### Work item
Could you write out, exactly, every line from the top of the data through the line holding "Zdjęcie przedstawia druha"? Omit the pictures.

### Data section

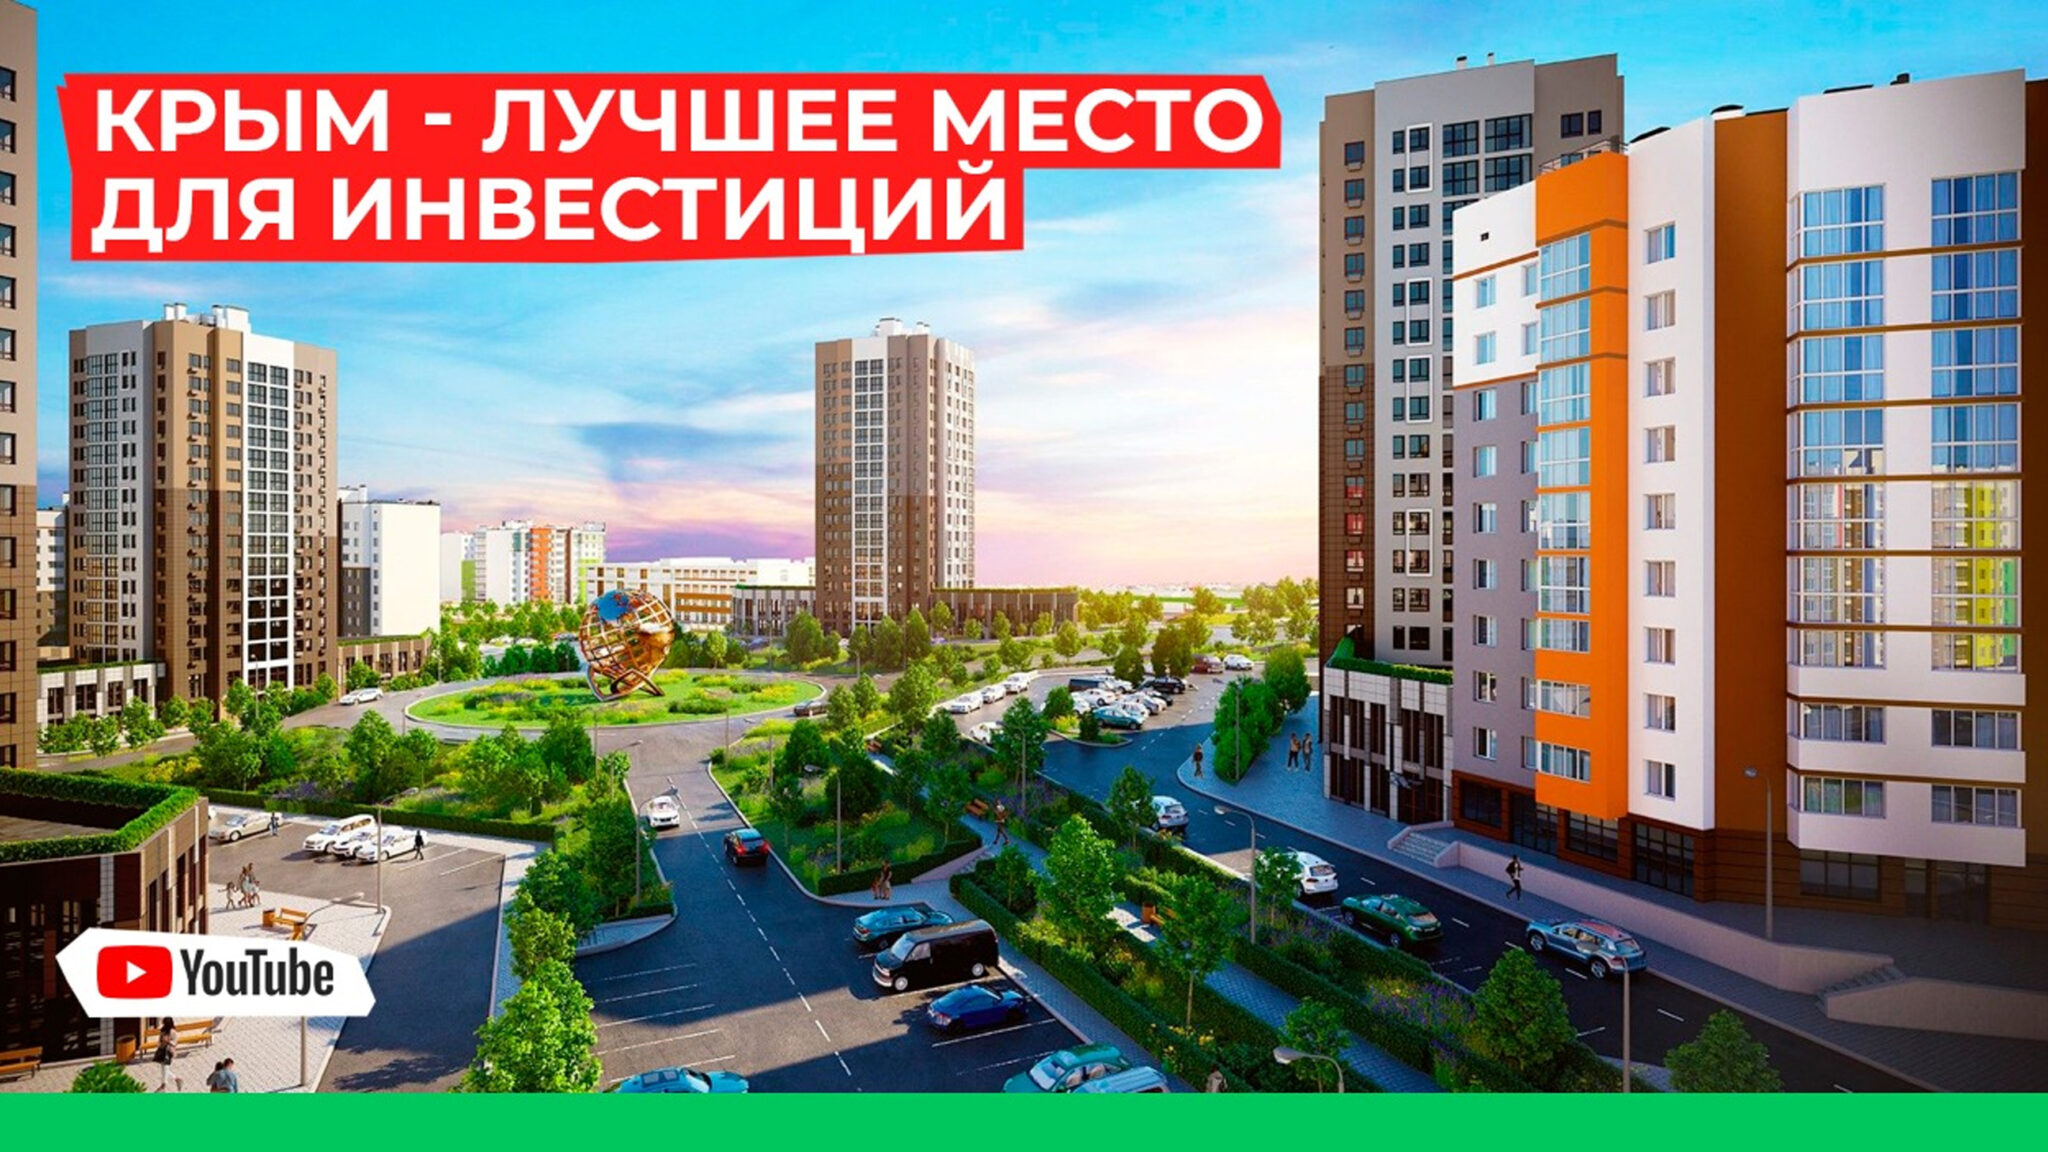 Корпорация развития Республики Крым: льготы, инвестиции, подбор площадок
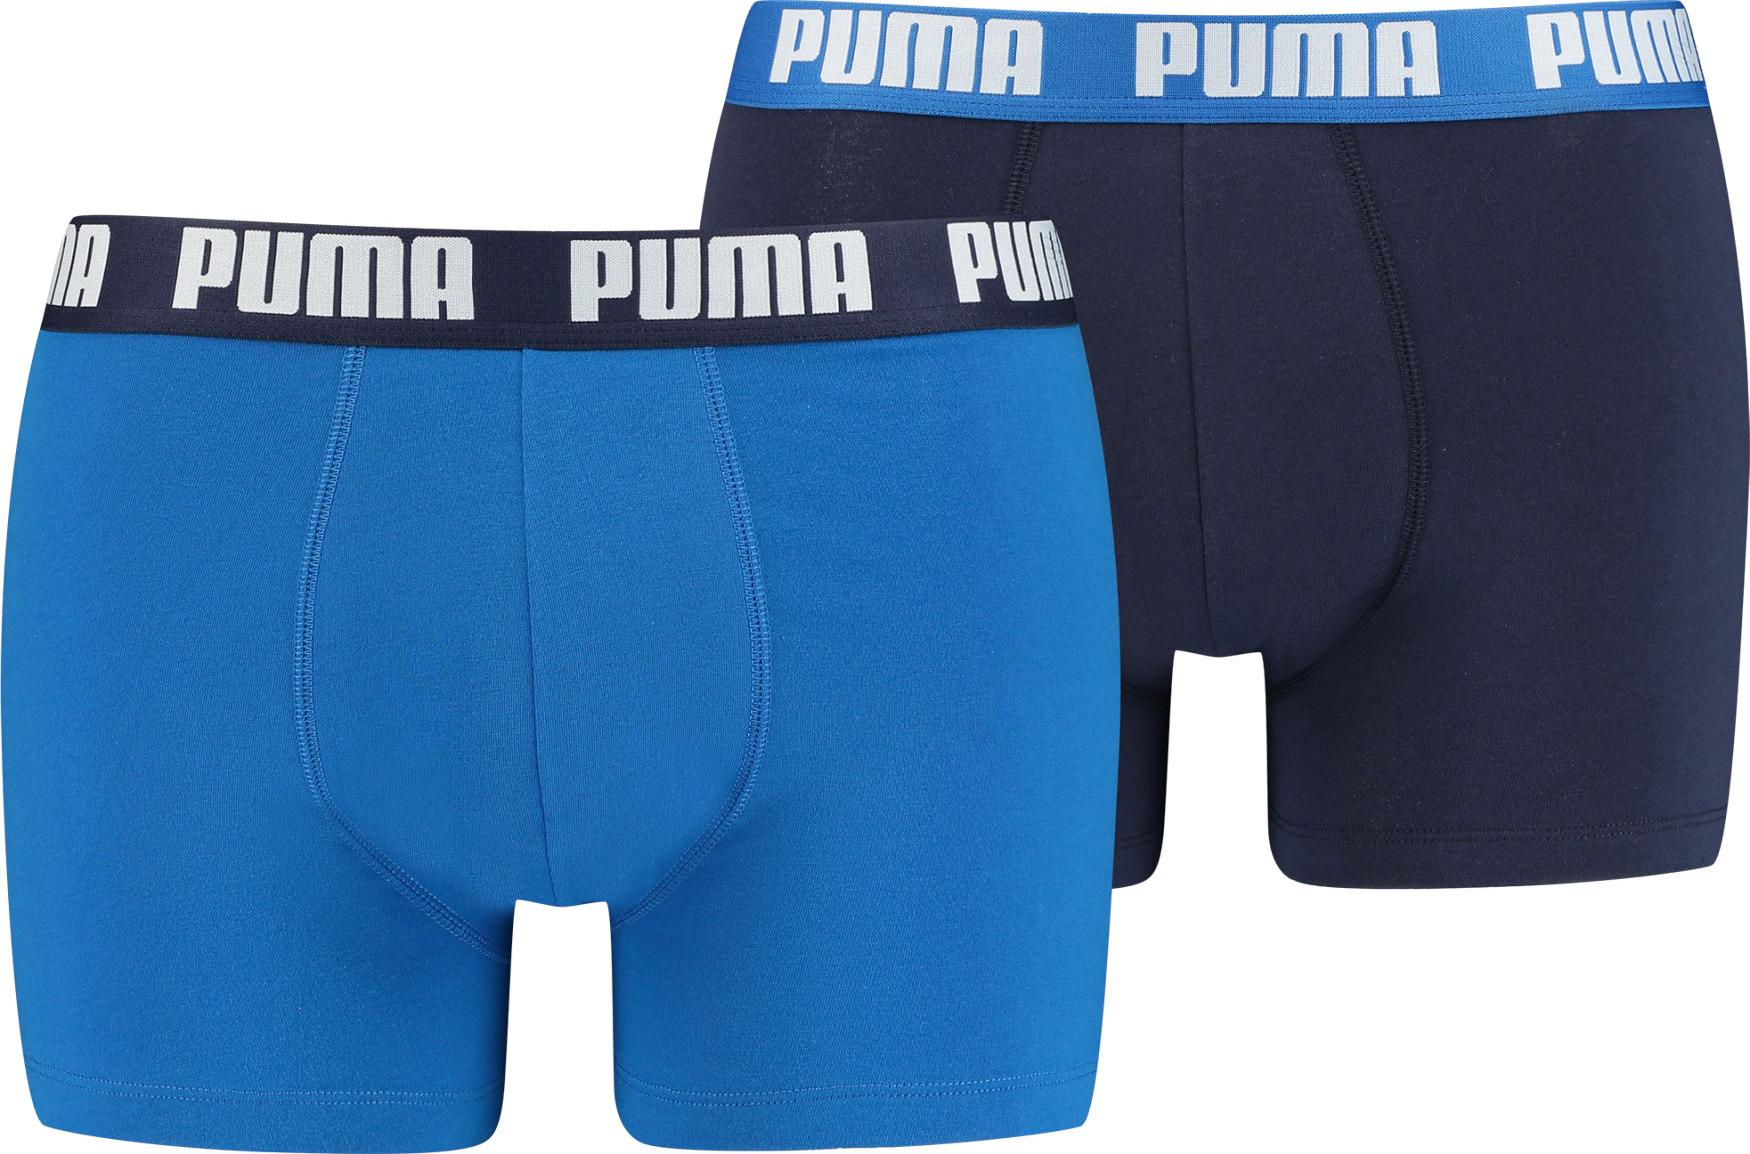 Puma Boxers pakke 2 stk - Blå /Sort Small
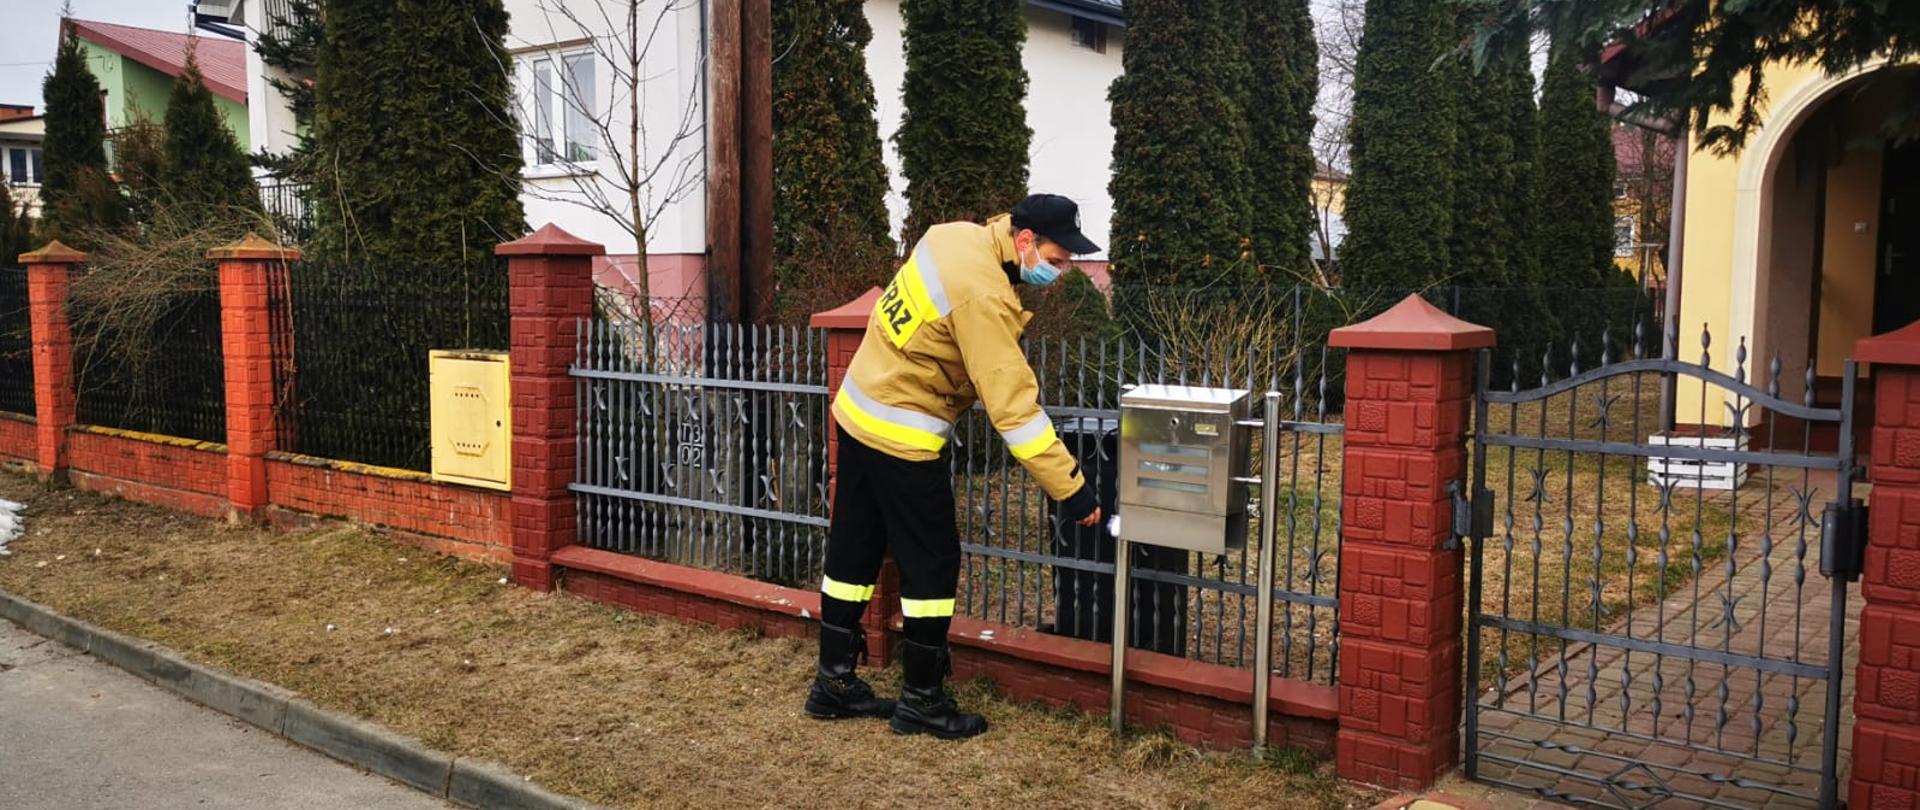 Zdjęcie przedstawia druha Ochotniczej Straży Pożarnej, który wkłada ulotkę do skrzynki pocztowej. W tle dom jednorodzinny.
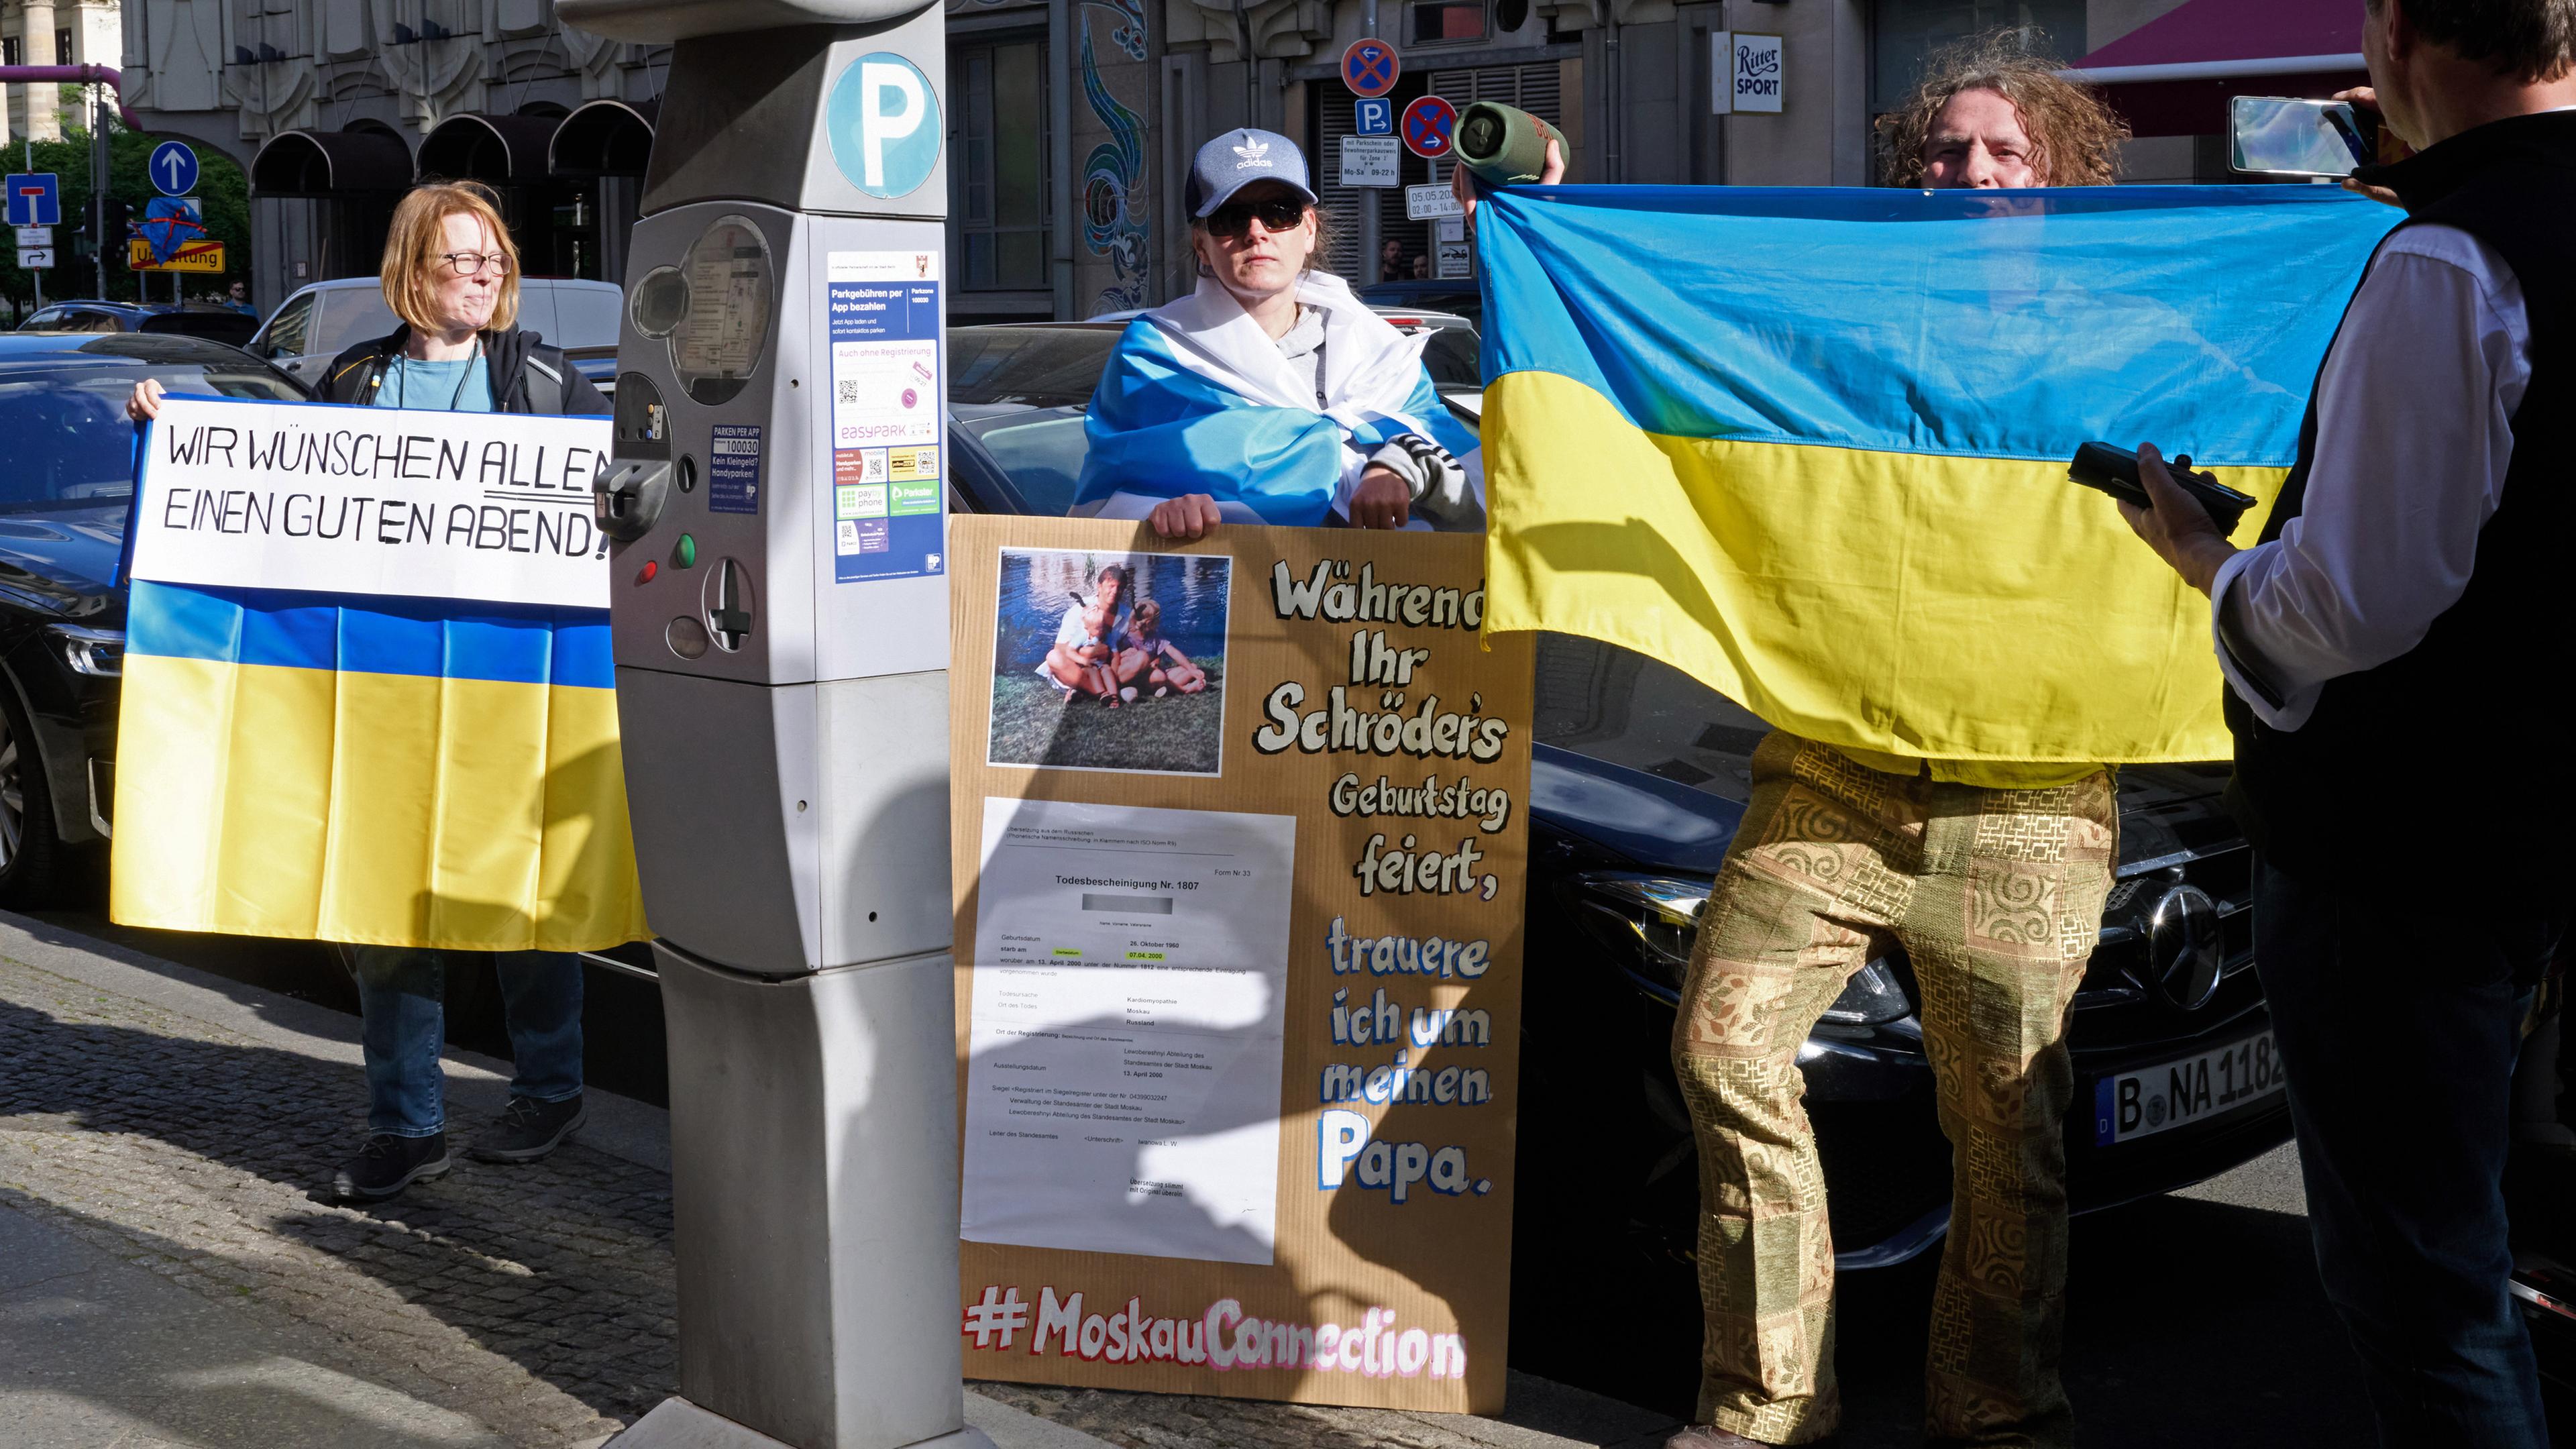 Demonstranten halten ukrainische Fahnen und ein Banner mit der Aufschrift "Wir wünschen allen einen guten Abend" vor dem Restaurant Borchardts, während Altkanzler Schröder dort seinen 80. Geburtstag feiert.

### Task solution
 Корпорация развития Республики Крым: льготы, инвестиции, подбор площадок
 Puma Boxers pakke 2 stk - Blå /Sort Small
 Zdjęcie przedstawia druha Ochotniczej Straży Pożarnej, który wkłada ulotkę do skrzynki pocztowej. W tle dom jednorodzinny.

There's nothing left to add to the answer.